We believe revitalizing journal articles will have a significant impact on the scientific community. The traditional article format no longer effectively supports the research in the electronic age. The number of articles researchers need to read in order to keep up with their field has increased significantly in the last decades. In addition, there is an increasing number of articles that report data generated in a high-throughput manner and the primary method of exploring these data is through a database, not through the article itself. In part, these phenomena are due to the increasing reliance on cyberinfrastructure to perform research. It is thus a natural response to use cyberinfrastructure to address this situation. Indeed, our initial tests have proven quite successful. A large group of students in the UCSD School of Pharmacy and Pharmaceutical Sciences were shown an eight minute pubcast of a recently published paper and were then quizzed on their comprehension. Their results were compared to students who were given the paper and eight minutes in which to read it. The pubcast group largely outperformed the paper group and, perhaps more importantly, greatly enjoyed the experience.
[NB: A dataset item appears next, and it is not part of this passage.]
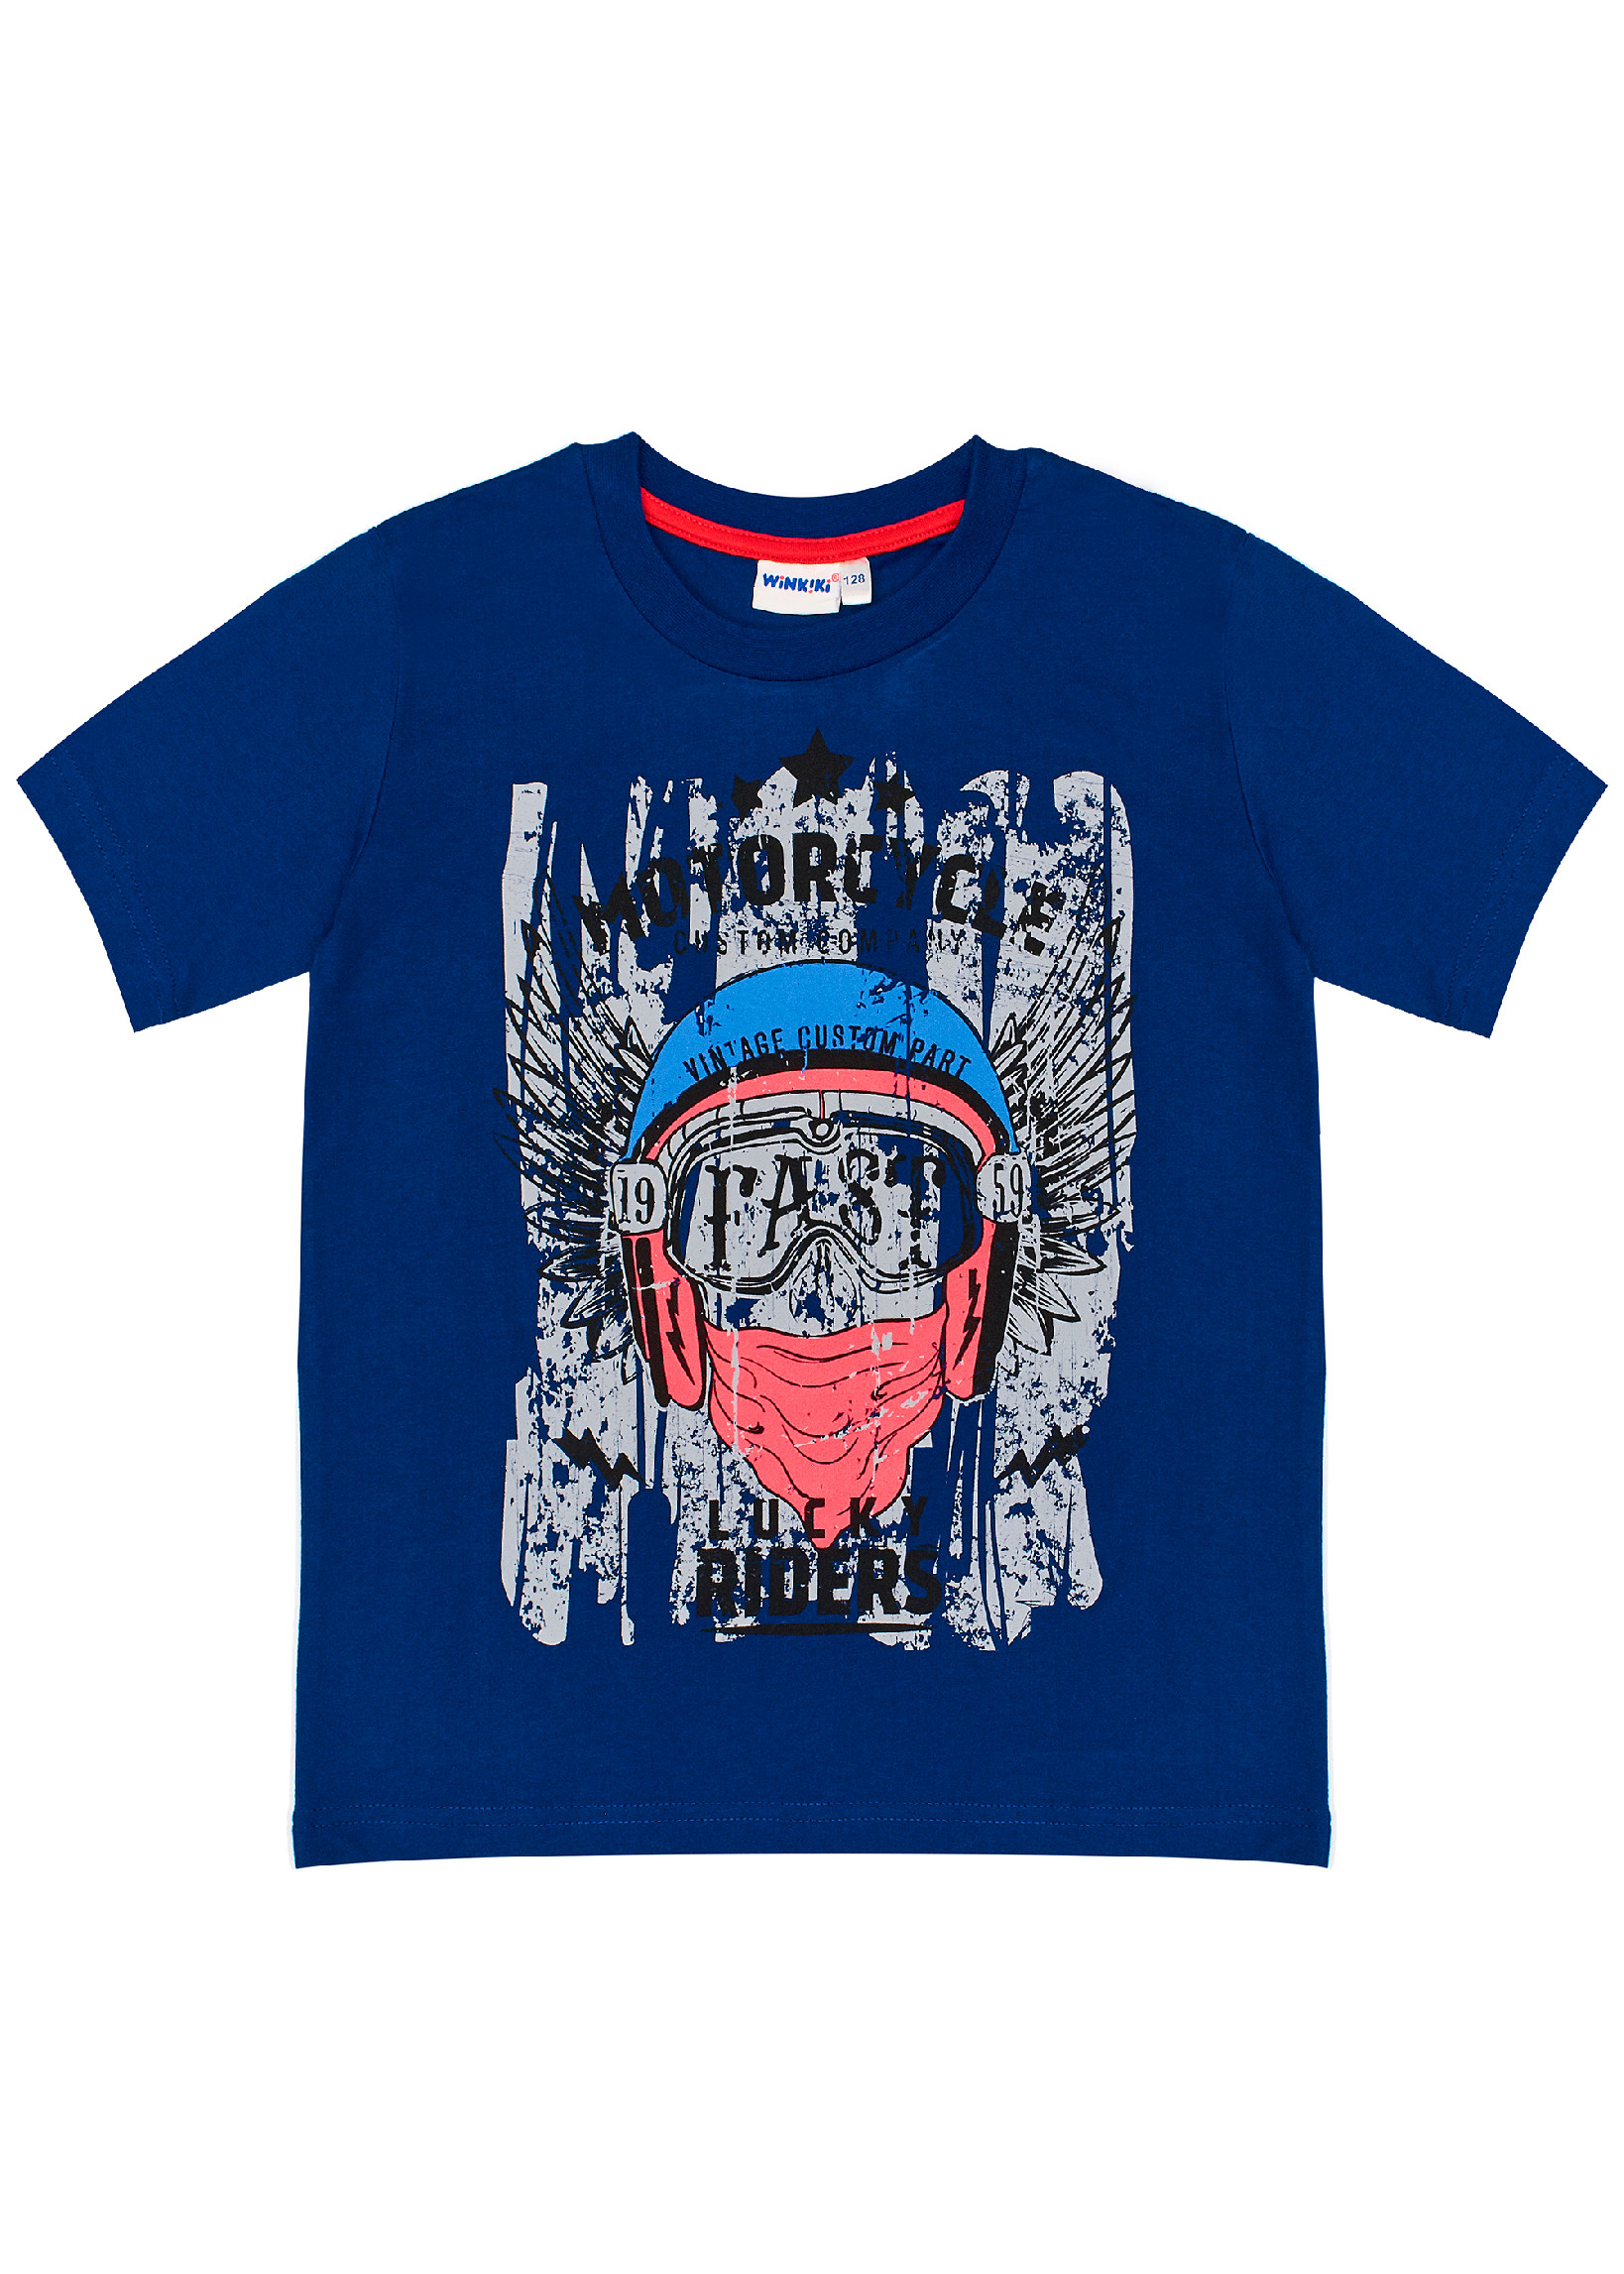 Chlapecké triko - Winkiki WJB 91380, tmavě modrá Barva: Modrá, Velikost: 134

SciVee and the BioLit tools will complement similar efforts such as the Stuctured Digital Abstract,¹² MutationFinder,¹³ and BioCreAtIvE.¹⁴ We hope that the scientific community will embrace these efforts and use cyberinfrastructure to its fullest capacity to make scientific communication more enjoyable and effective.

Acknowledgement
This work is supported by grants 0544575 and 0732706 from the National Science Foundation

¹Public Library of Science – http://www.plos.org
²RCSB Protein Data Bank – http://www.pdb.org
³Bourne, P. "Will a biological database be different from a biological journal?" PLoS computational biology 2005, Vol. 1, no. 3, pp. 179-181.
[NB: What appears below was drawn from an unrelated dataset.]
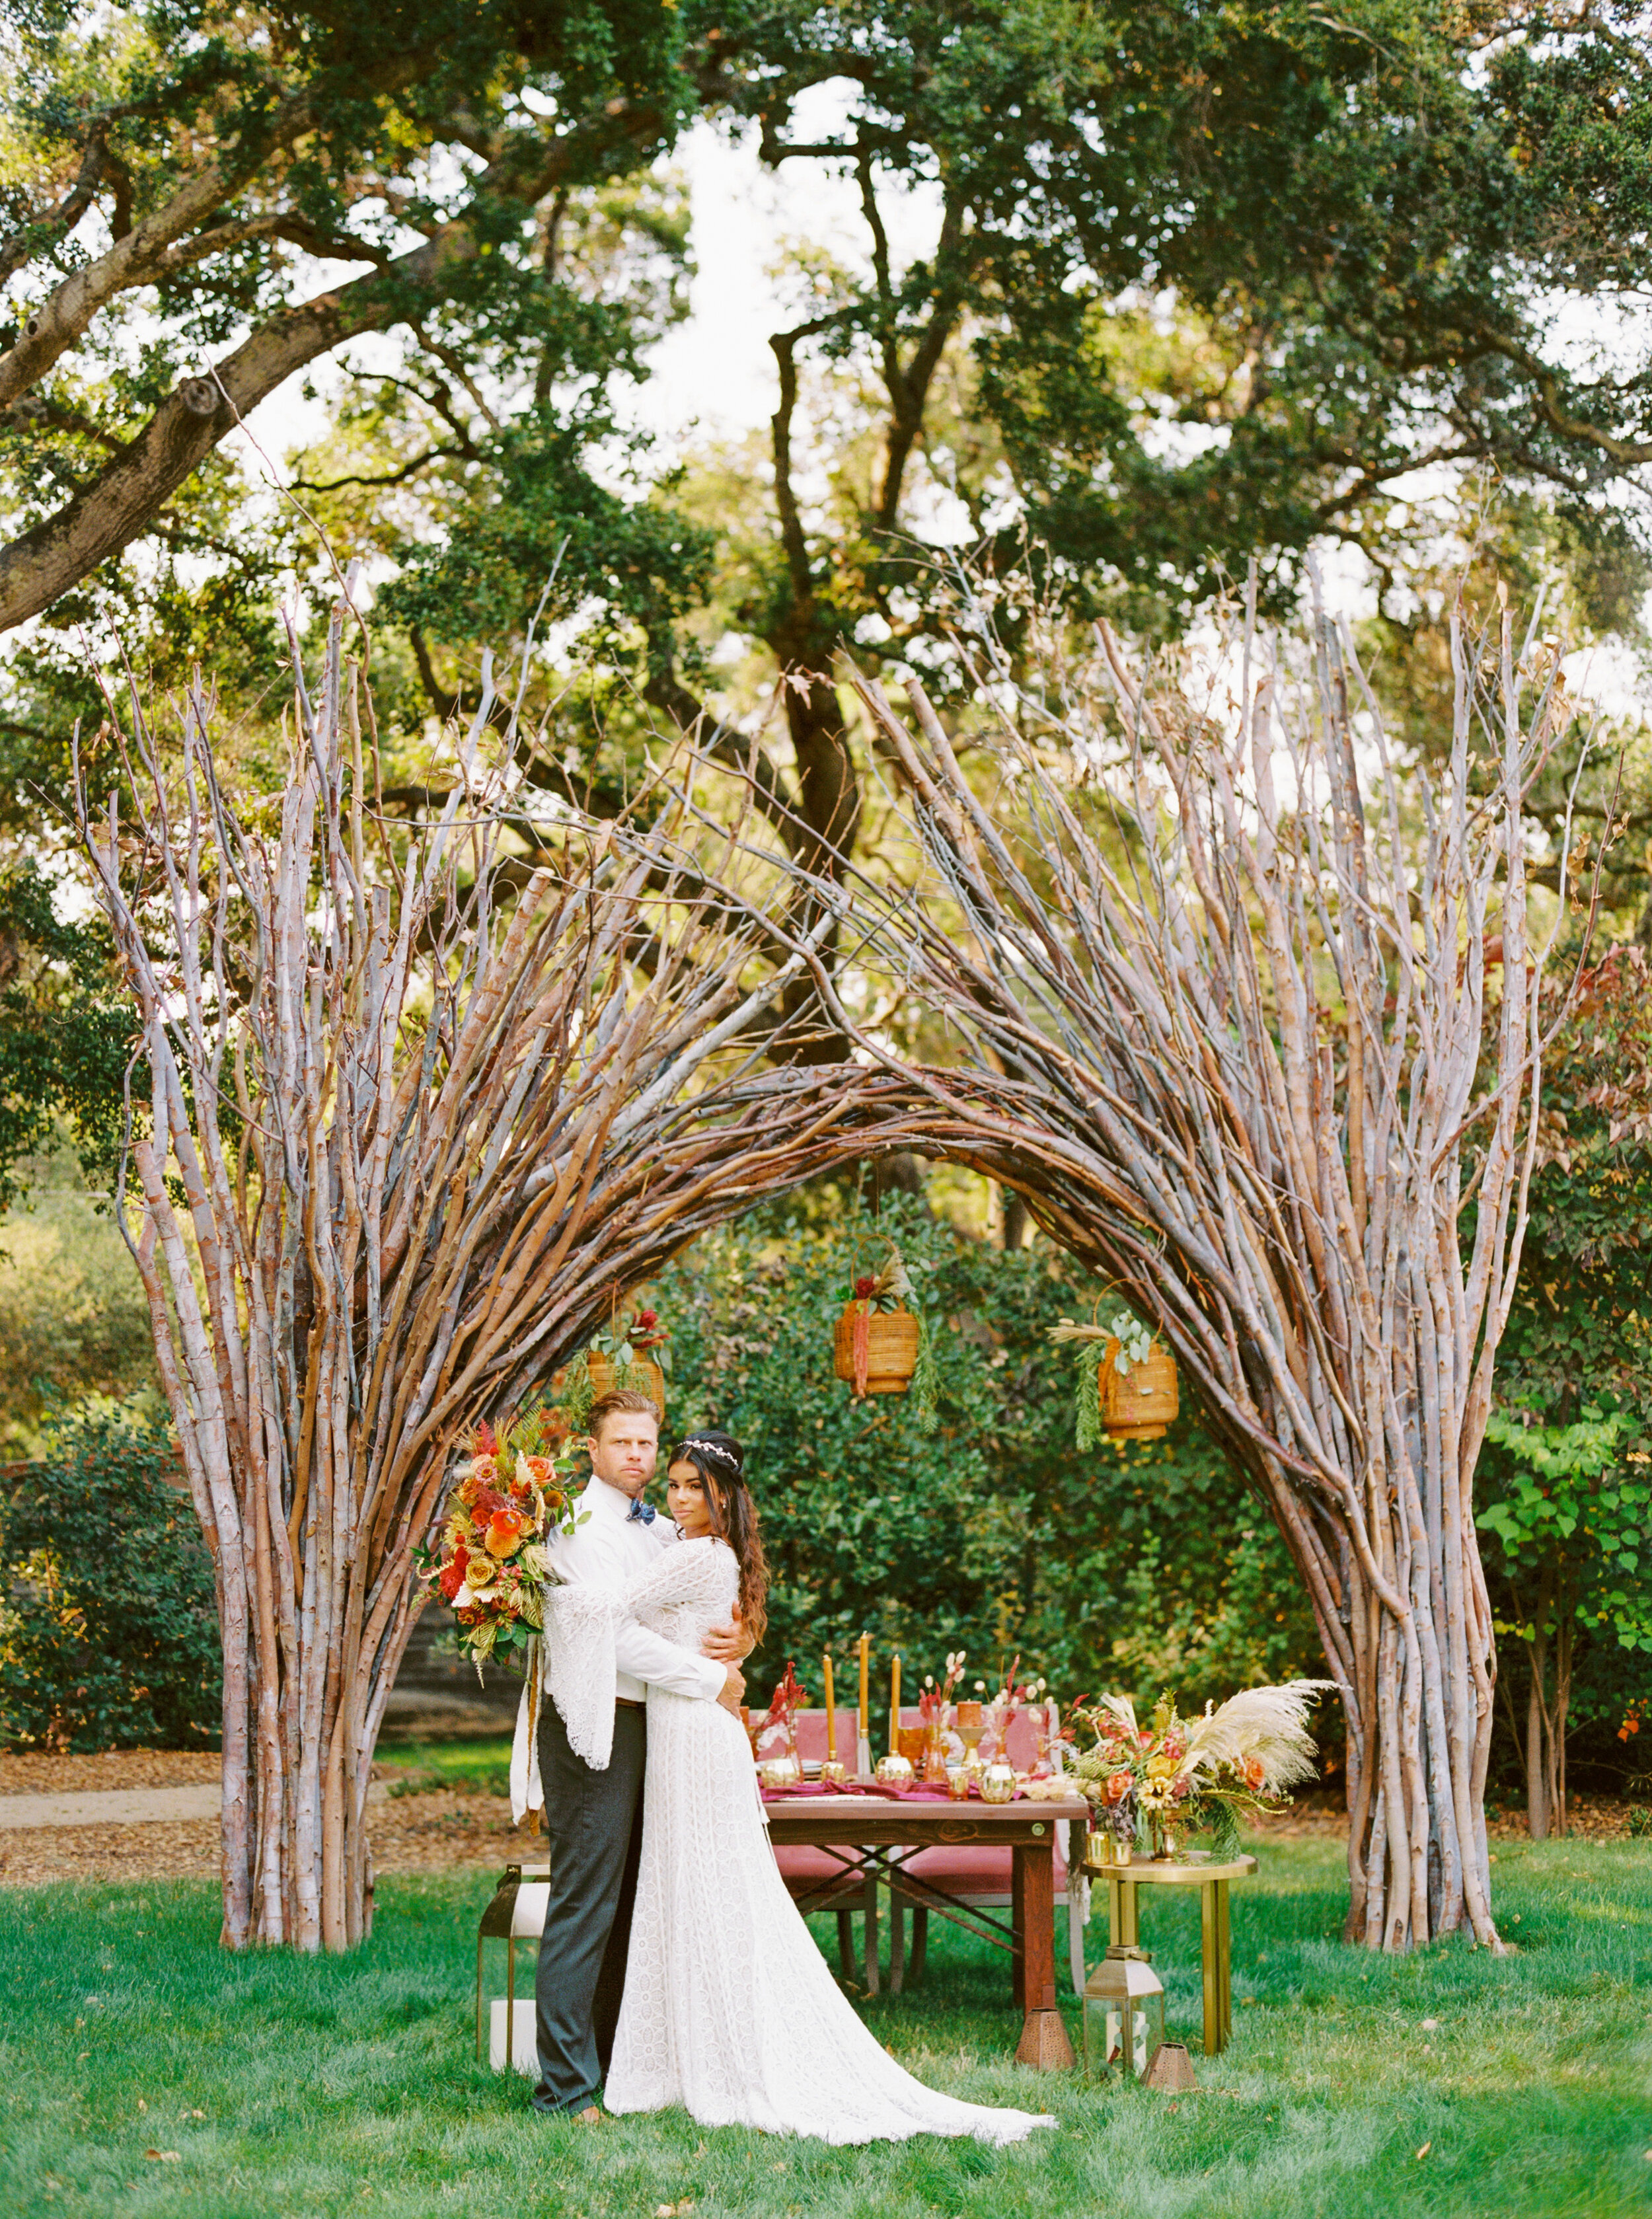 Sarahi Hadden - An Earthy Summer Boho Inspired Wedding with Sunset Hues at Gardener Ranch-65.jpg

⁴Seringhaus, M. R., Gerstein, M. B. "Publishing perishing? Towards tomorrow's information architecture," BMC bioinformatics 2007, Vol. 8, pp. 17.
⁵Berners-Lee, T., Hall, W., Hendler. J., Shadbolt, N., Weitzner, D. J. "Computer science. Creating a science of the Web," Science (New York, NY 2006, Vol. 313, no. 5788, pp. 769-771.
⁶Creative Commons Attribution License - http://www.plos.org/journals/license.html
⁷Kouranov, A., Xie, L., de la Cruz, J., Chen, L., Westbrook, J., Bourne, P. E., Berman, H. M. "The RCSB PDB information portal for structural genomics," Nucleic acids research 2006, Vol. 34 (Database issue), pp. D302-305.
⁸Ashburner, M., Ball, C. A., Blake, J. A., Botstein, D., Butler, H., Cherry, J. M., Davis, A. P., Dolinski, K., Dwight, S. S., Eppig, J. T. et al. "Gene ontology: tool for the unification of biology. The Gene Ontology Consortium" Nature genetics 2000, Vol. 25, no. 1, pp. 25-29.
⁹Harris, M. A., Clark, J., Ireland. A., Lomax, J., Ashburner, M., Foulger, R., Eilbeck, K., Lewis, S., Marshall, B., Mungall, C. et al. "The Gene Ontology (GO) database and informatics resource," Nucleic acids research 2004, Vol. 32(Database issue), pp. D258-261.
¹⁰Medical Subject Headings - http://www.nlm.nih.gov/mesh
¹¹SciVee - http://www.scivee.com
¹²Gerstein, M., Seringhaus, M., Fields, S. "Structured digital abstract makes text mining easy," Nature 2007, Vol. 447, no. 7141, pp.142.
¹³Caporaso, J. G., Baumgartner, W. A., Jr., Randolph, D. A., Cohen, K. B., Hunter, L. "MutationFinder: A high-performance system for extracting point mutation mentions from text," Bioinformatics (Oxford, England) 2007.
¹⁴Hirschman, L., Yeh, A., Blaschke, C., Valencia, A. "Overview of BioCreAtIvE: critical assessment of information extraction for biology," BMC bioinformatics 2005, Vol. 6, suppl. 1, pp. S1.